Report: Google No Threat To Agencies
From IPG to WPP, agency holding companies need not worry about Google getting in their way. In fact, “concern about the threat of disintermediation by the likes of Google is generally unwarranted,” according to a new report from Pivotal Research Group.
“Agencies offer unique services to their clients, namely ‘service’ itself in helping navigate ideas through marketers’ organizations,” according to Brian Wieser, senior research analyst at Pivotal, an independent equity research firm focusing on the media and communications industries. “This competency is not typically developed by media technology companies.”
“What agencies do uniquely well, and what they get paid for, is filtering ideas, socializing those ideas, and shepherding an idea around a client’s company to build buy-in,” Wieser continued. “This is not a competency that Google possesses. It is, however, a competency that the management consultancies -- especially Accenture and IBM -- have developed well. I would argue that over the long term, IT services firms are more likely to extend into marketing services than are media owners.”
Meanwhile, Wieser also sees that ad agencies are the primary beneficiaries of the rise of digital, as increasing fragmentation of consumer media choices significantly expands the ways in which marketers can allocate budgets.
“This makes an external filter increasingly important, and agencies are uniquely positioned to serve as this role,” said Wieser, who spent eight years as a top Madison Avenue economic forecaster at Interpublic before joining Pivotal.

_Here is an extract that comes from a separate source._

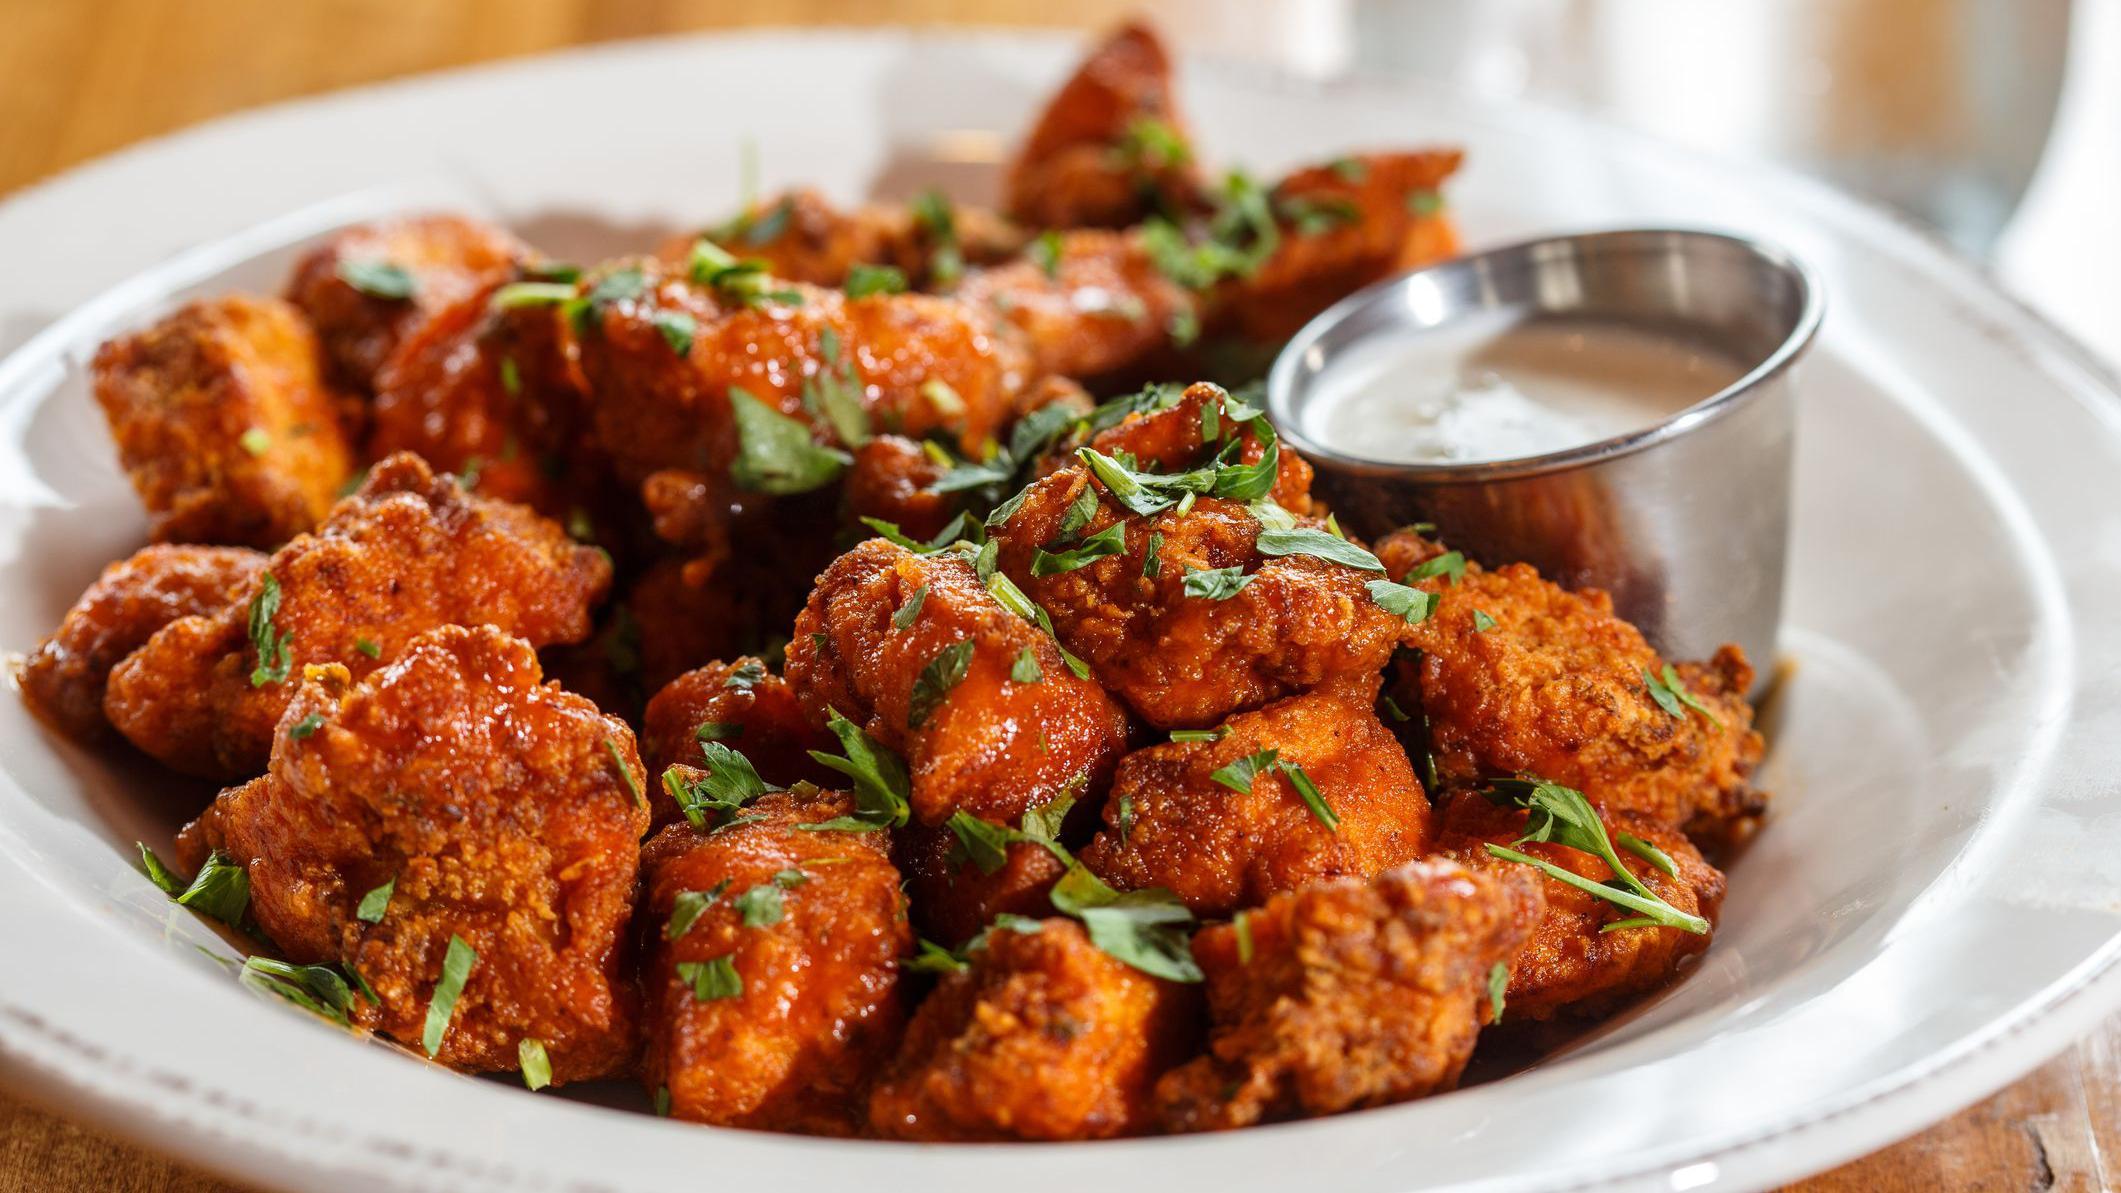 Boneless chicken wings can have bones, US court rules

If there is no threat from Google, why are some agencies investing so heavily in Google-like technology?
“Digital platforms such as those which WPP have invested in are fundamentally different from digital service providers -- such as digital agencies or trading desks -- which generally assemble technologies from third parties for the purposes of executing a campaign,”Wieser explained. “This is at the heart of the perceived risk from Google.
"If Google ends up dominating the advertising technology platform business, then potentially (but not necessarily likely), Google can extract all of the economic benefits of the marketing activity, which uses its platform. WPP has hedged against this risk by owning its own technologies.”
Also working in their favor, holding ad companies are disproportionately exposed to markets outside of the United States, which will most likely lead to higher growth and lower risk, according to Pivotal.
By contrast, among the global media conglomerates, only News Corp. comes close to this level of international focus, with less than half of revenues coming from abroad. Conversely, CBS, Disney, Time Warner, Viacom and Discovery only generate 15% to 33% of their revenues outside of the United States, according to Pivotal.